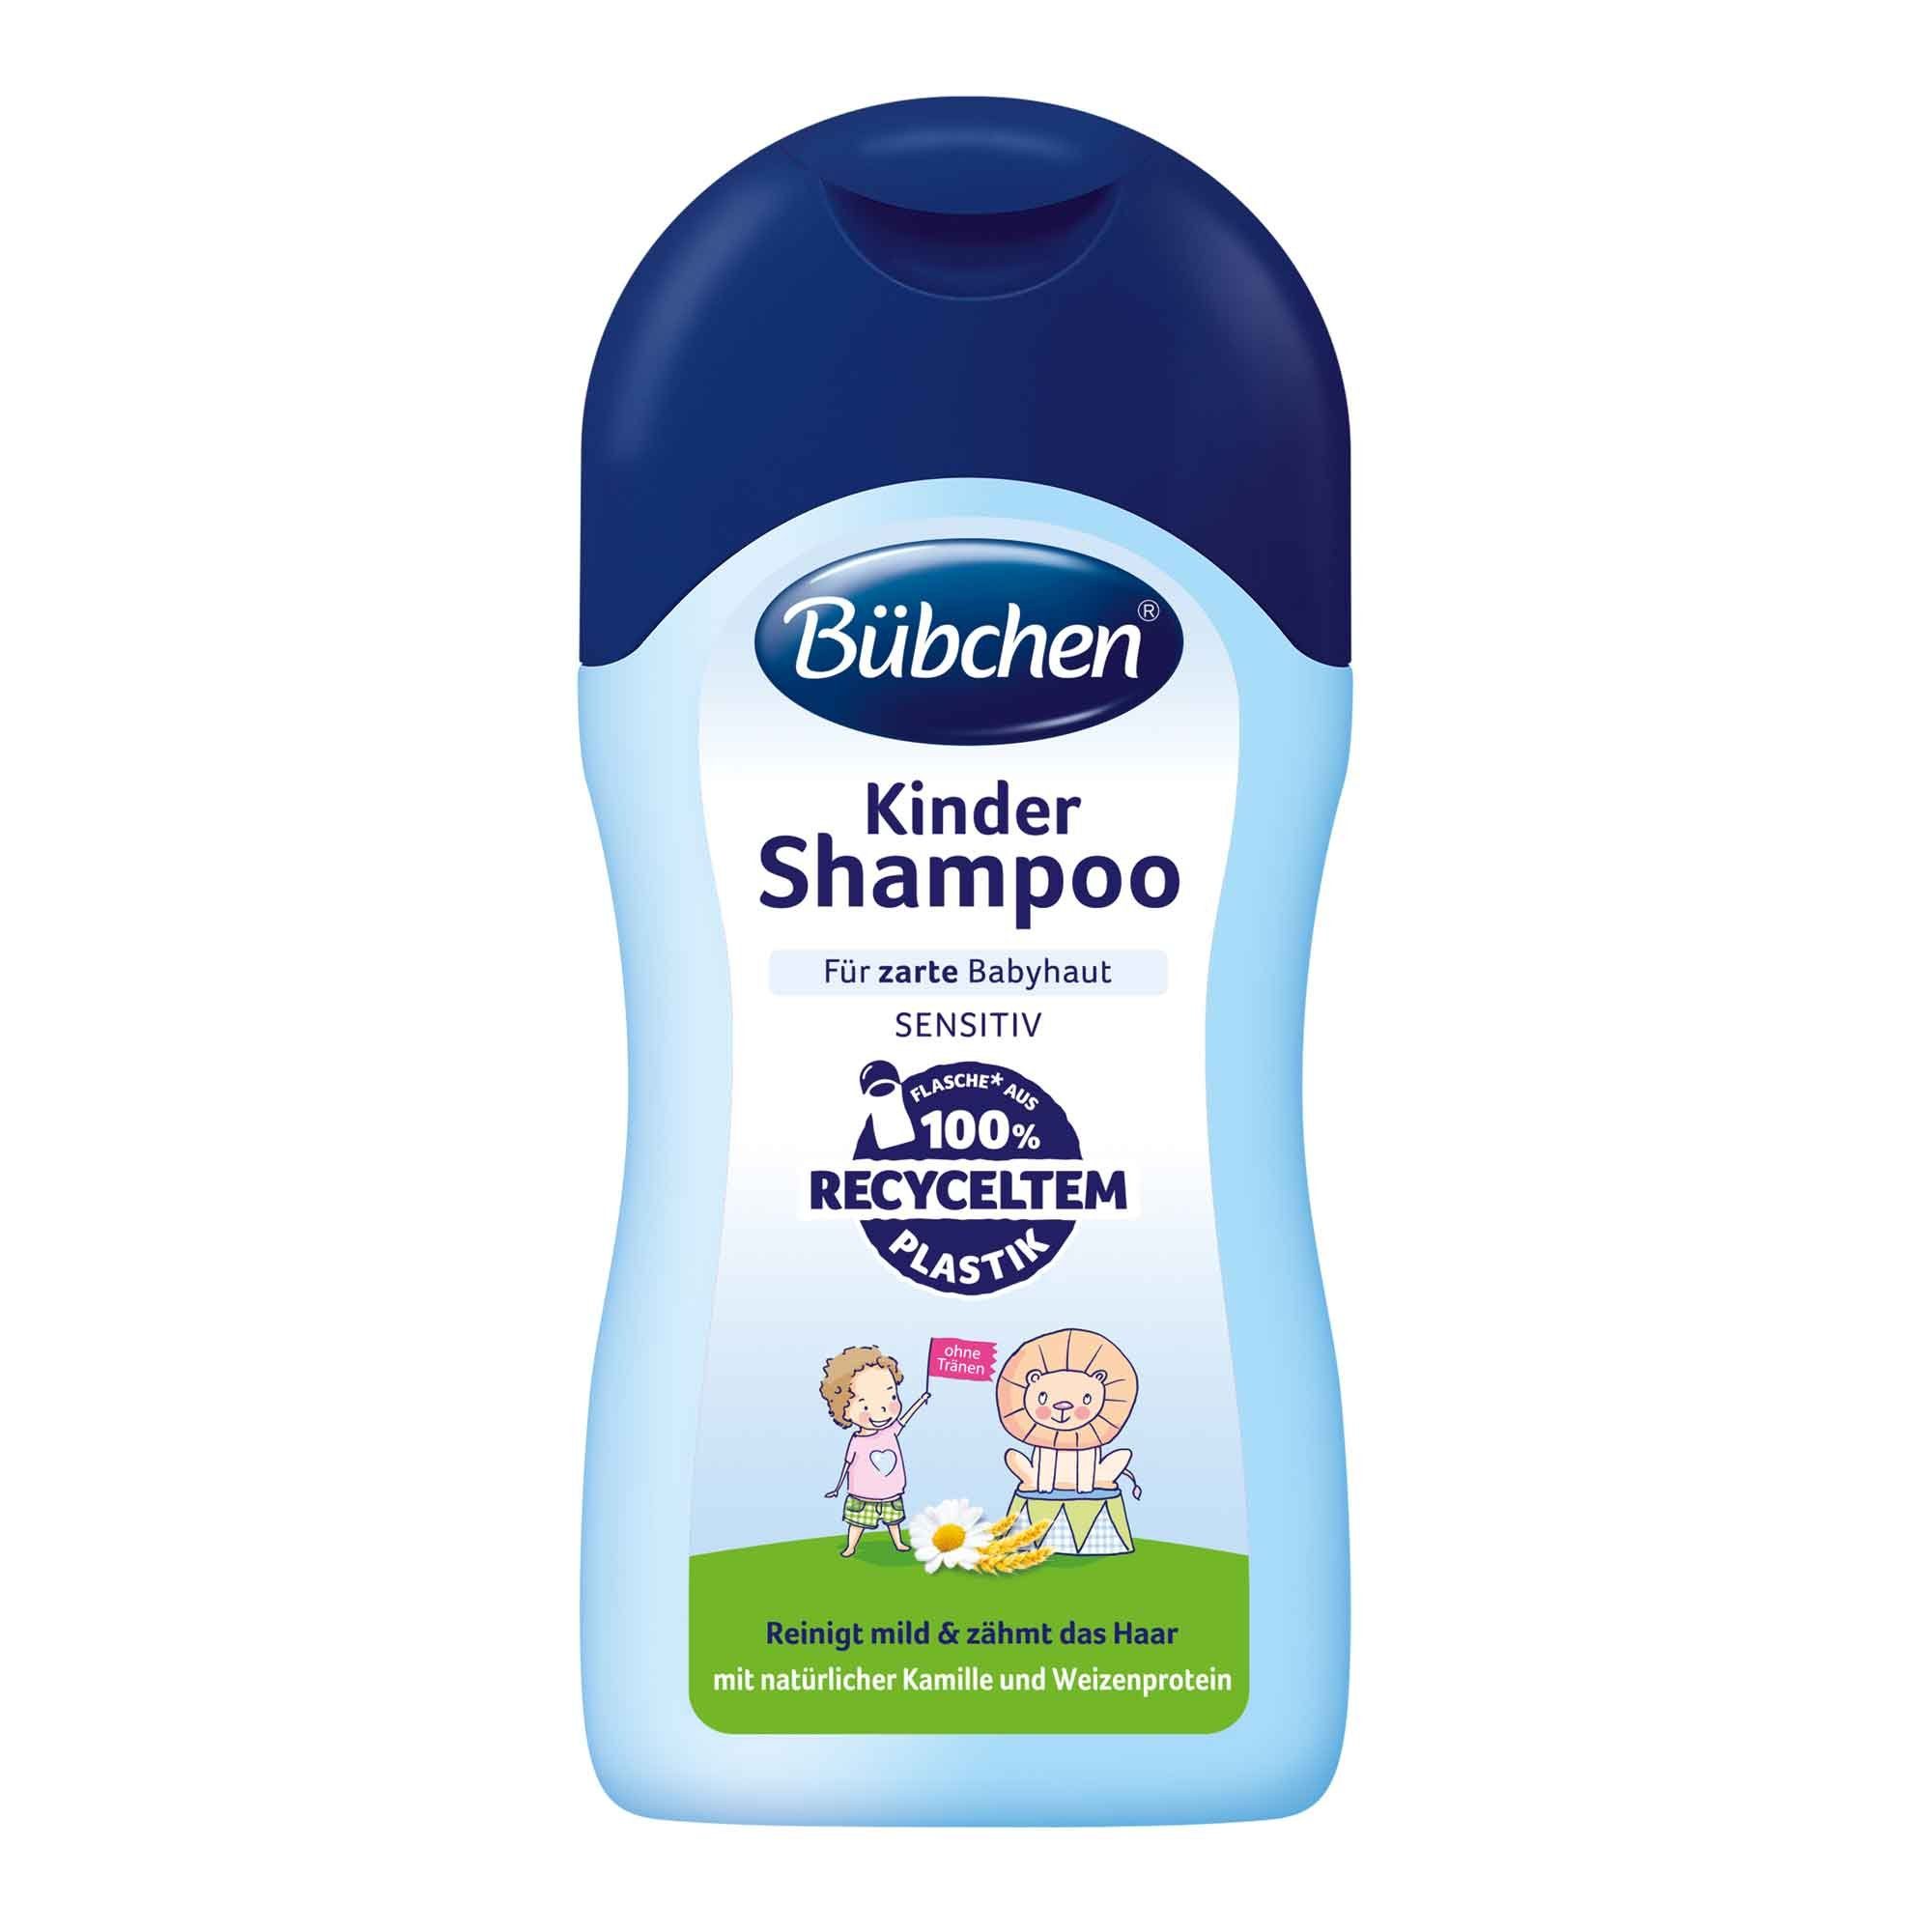 BÜBCHEN Haarshampoo Bübchen Kinder Shampoo 400ml
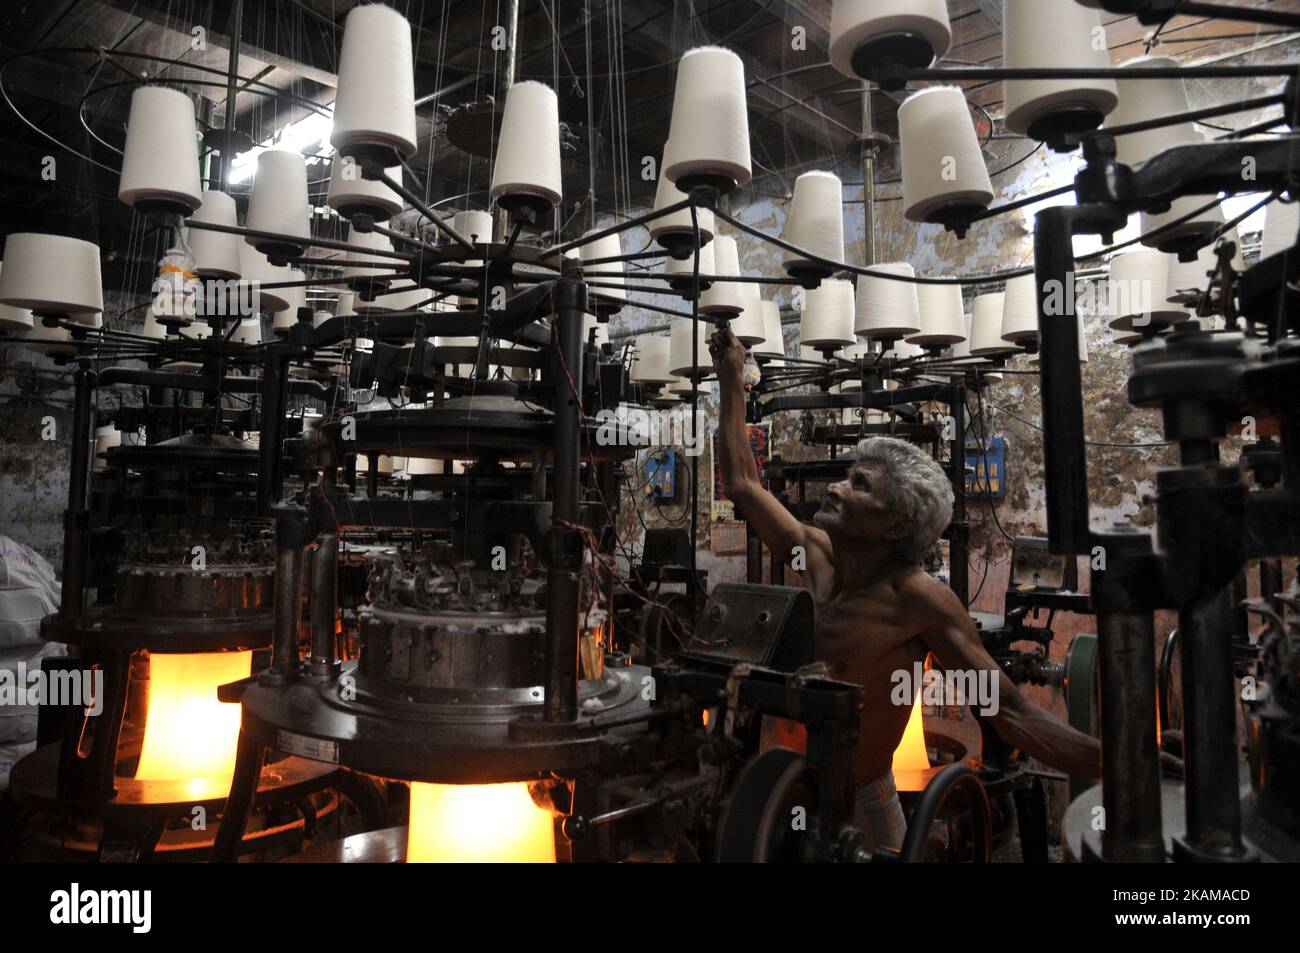 Un dipendente indiano lavora in una fabbrica di biancheria intima a Kolkata, India, il 29 marzo 2017. (Foto di Debajyoti Chakraborty/NurPhoto) *** Please use Credit from Credit Field *** Foto Stock
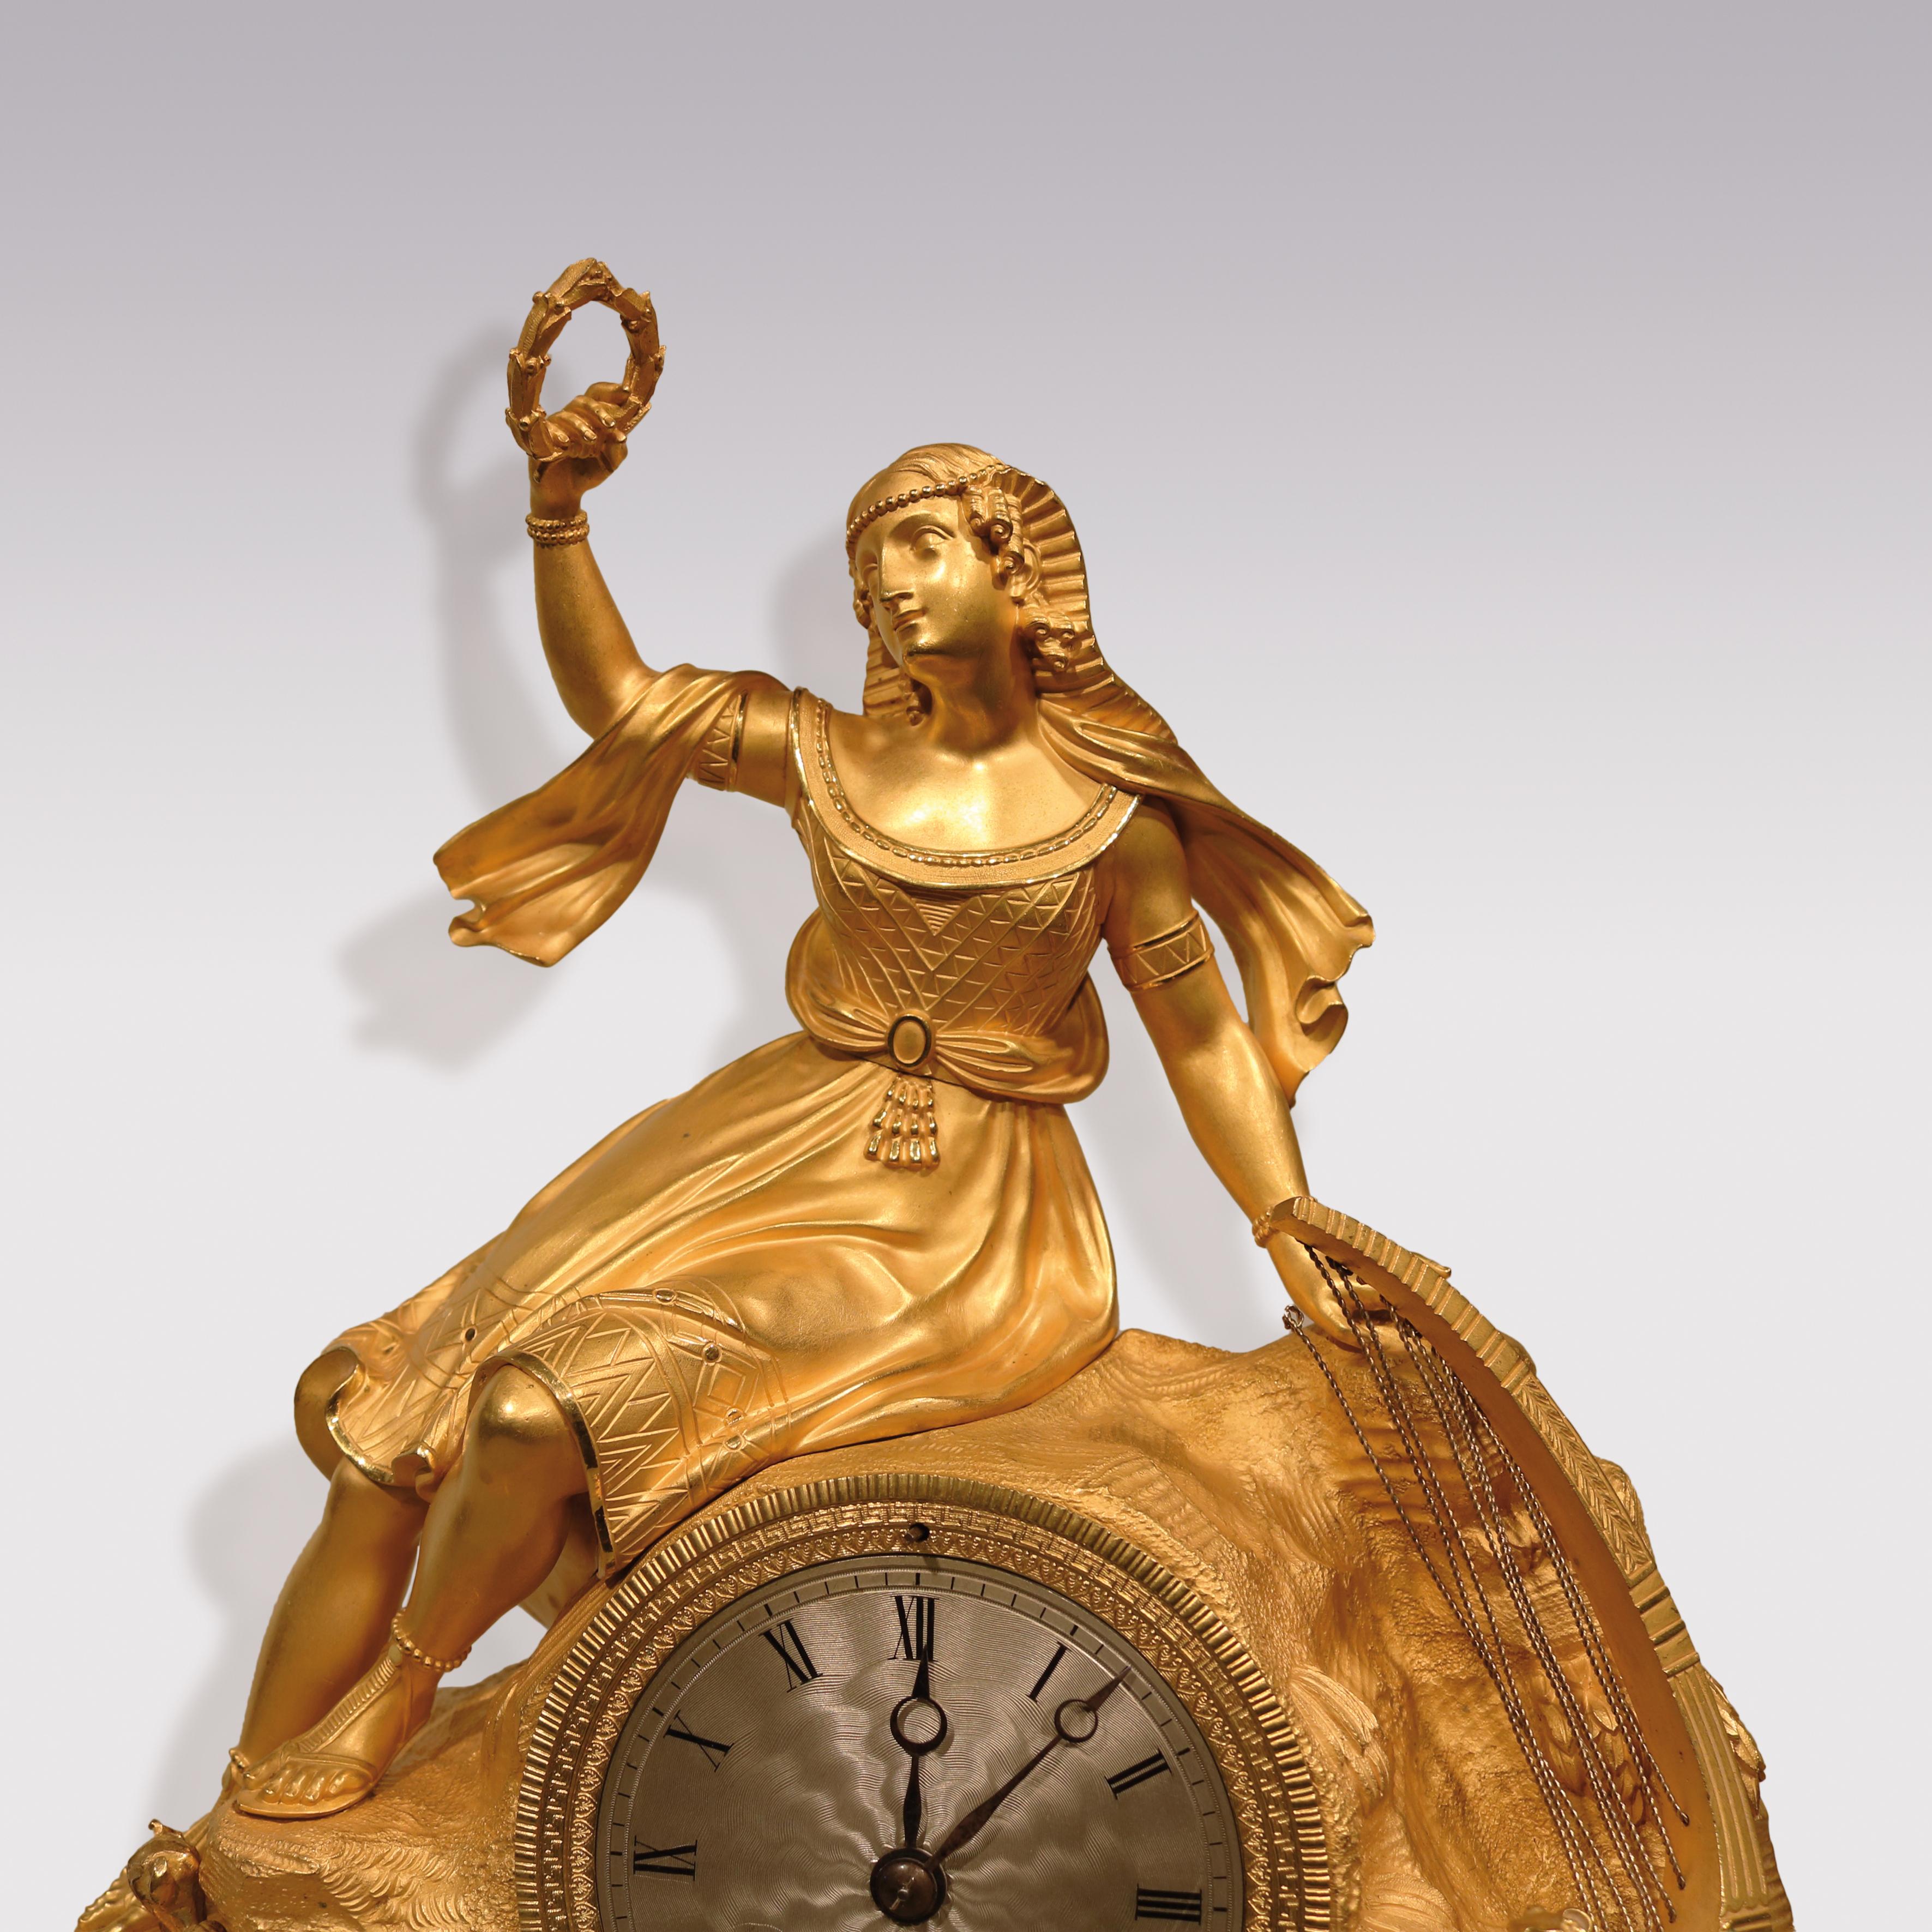 Une impressionnante horloge française du début du 19ème siècle par T H re Le Roy, avec un mouvement de 8 jours à suspension de soie et un cadran en argent. L'horloge, montée dans un boîtier en bronze doré représentant une Égyptienne avec une lyre,

-*-

▶ [ABOUT THIS TASK]: From the first line of the material to the last, retype everything exactly except the images.

▶ [ANSWER BOX]:
 BÜBCHEN Haarshampoo Bübchen Kinder Shampoo 400ml
 Un dipendente indiano lavora in una fabbrica di biancheria intima a Kolkata, India, il 29 marzo 2017. (Foto di Debajyoti Chakraborty/NurPhoto) *** Please use Credit from Credit Field *** Foto Stock
 Une impressionnante horloge française du début du 19ème siècle par T H re Le Roy, avec un mouvement de 8 jours à suspension de soie et un cadran en argent. L'horloge, montée dans un boîtier en bronze doré représentant une Égyptienne avec une lyre,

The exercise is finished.